Коль скоро клиническая картина сложна уже в экспериментальных неврозах, то заранее должно быть ясно, насколько большое разнообразие патологических проявлений мы имеем у человека, где и высшая нервная деятельность гораздо сложнее, где имеет большое значение специфически человеческая «чрезвычайная прибавка» в виде второй сигнальной системы и где сами травмирующие факторы сложнее и разнообразнее.

Необходимо указать, что преимущественно советскими клиницистами с полной доказательностью до войны и в годы войны было установлено, что в возникновении психогенных реакций, реактивных состояний, возникающих в ответ на тяжелые психические переживания, значительную роль играет соматическая подготовка: длительные истощающие инфекции, недосыпание и т.д. На значение соматически измененной почвы для возникновения психогенных реакций указал проф. С.Г. Жислин.

Прежний психиатрический опыт показывал, что в тяжелые для всего человечества периоды, в периоды войн, всегда увеличивалось число больных с реактивными состояниями. Иную картину мы наблюдали в Великую Отечественную войну; психиатры были озабочены: хватит ли коек, в особенности в так называемых санаторных отделениях, для возможного ожидаемого числа больных с реактивными состояниями. Но уже первые годы войны, причем тяжелые 1941–1942 годы, показали с несомненностью, что число больных с реактивными состояниями в Советском Союзе не увеличилось, но уменьшилось, в то время как в том же 1942 г. в Америке, Англии и Германии насчитывалось огромное число так называемых военных неврозов. Послевоенные годы также показали, что в СССР не было не только тенденции к увеличению числа больных с реактивными состояниями, но количество их продолжало снижаться.

Эта особенность движения заболеваний у нас в Советском Союзе — важный показатель устойчивости морального состояния нашего населения.

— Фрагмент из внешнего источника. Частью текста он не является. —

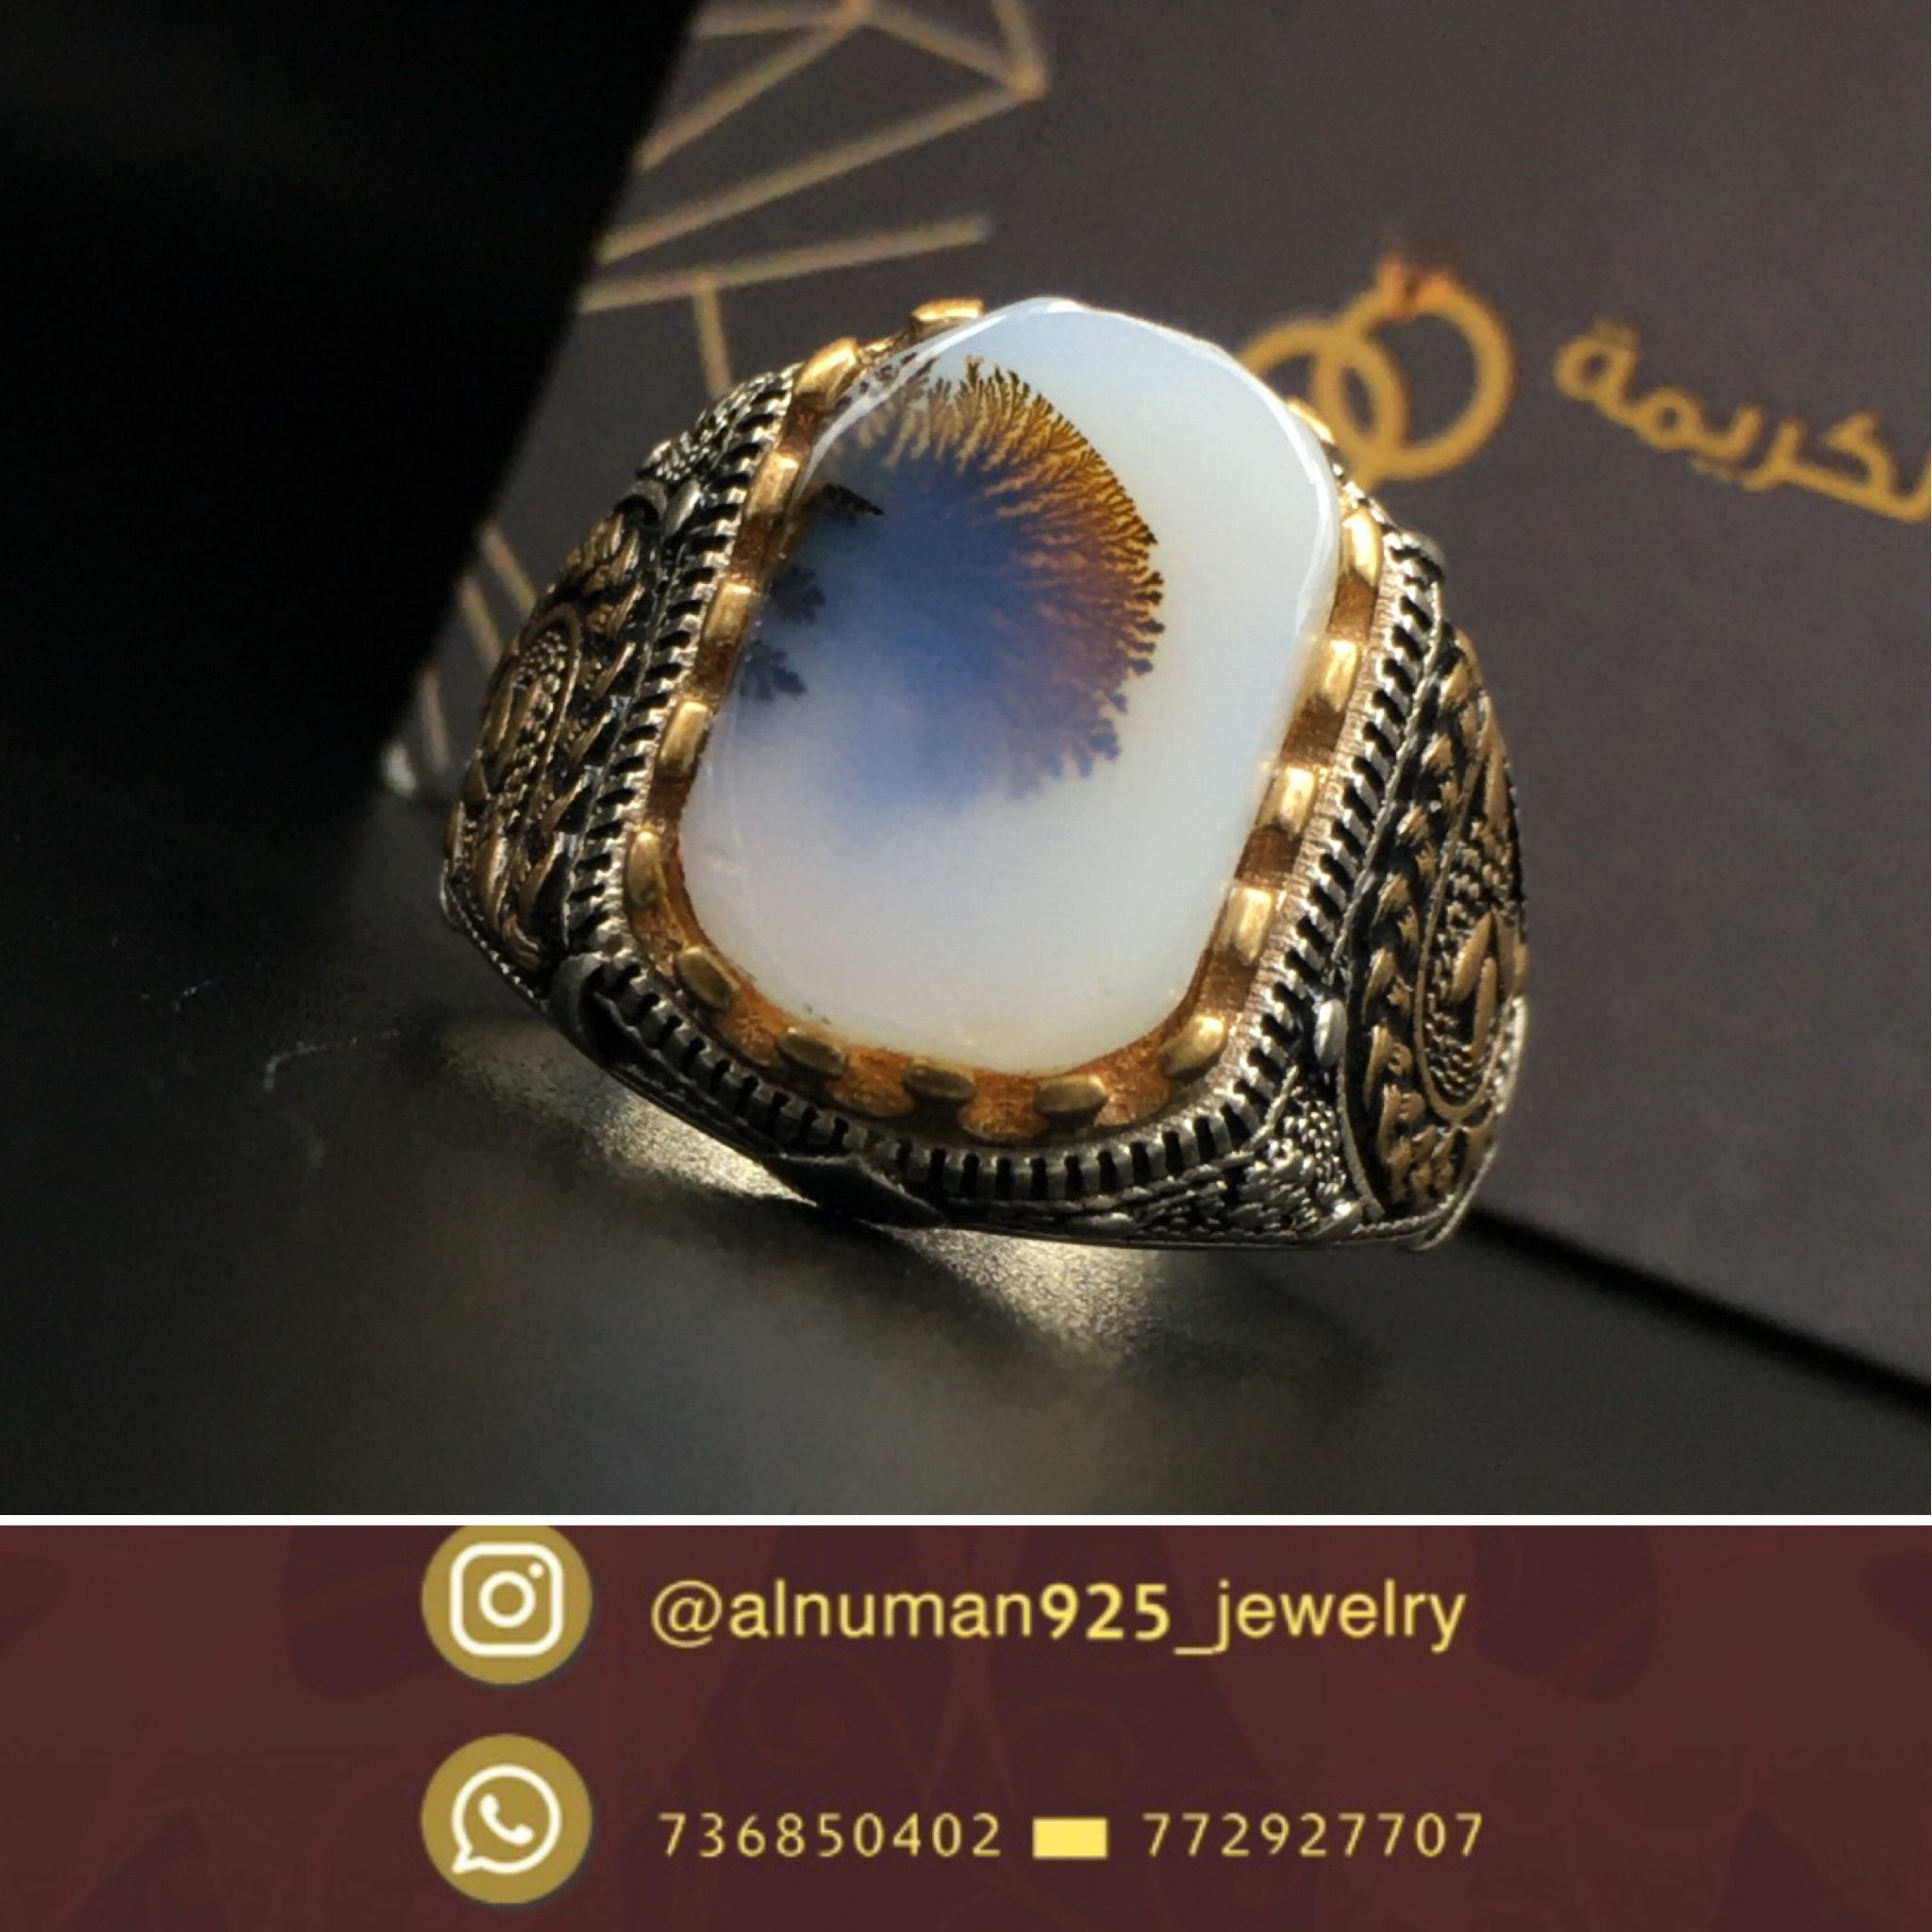 خاتم رجالي فضة عقيق يماني اصلي مشجر صنعاء خواتم Gemstone Rings Jewelry Gemstones

В Москве за годы войны и ближайшие послевоенные годы произошли значительные демографические сдвиги: большое количество эвакуированных, прибытие новых контингентов населения делало динамику цифр мало показательной. Поэтому я приведу цифры по Ярославлю, население которого не эвакуировалось и куда сравнительно мало прибыло новых контингентов населения, причем эти цифры касаются женских отделений больницы, т.е. той части населения, где за годы войны произошел наиболее незначительный демографический сдвиг. По данным женской половины психиатрической больницы Ярославля в 1940 г., довоенном, среди пользованных больных с реактивными состояниями и неврозами было 15%, за 1941–1944 гг. войны — 12%, а после войны — 10%, причем из года в год эта цифра продолжает снижаться.

Это важная особенность динамики реактивных состояний в Советском Союзе, резко отличающаяся от динамики (роста) этих заболеваний в странах капитала.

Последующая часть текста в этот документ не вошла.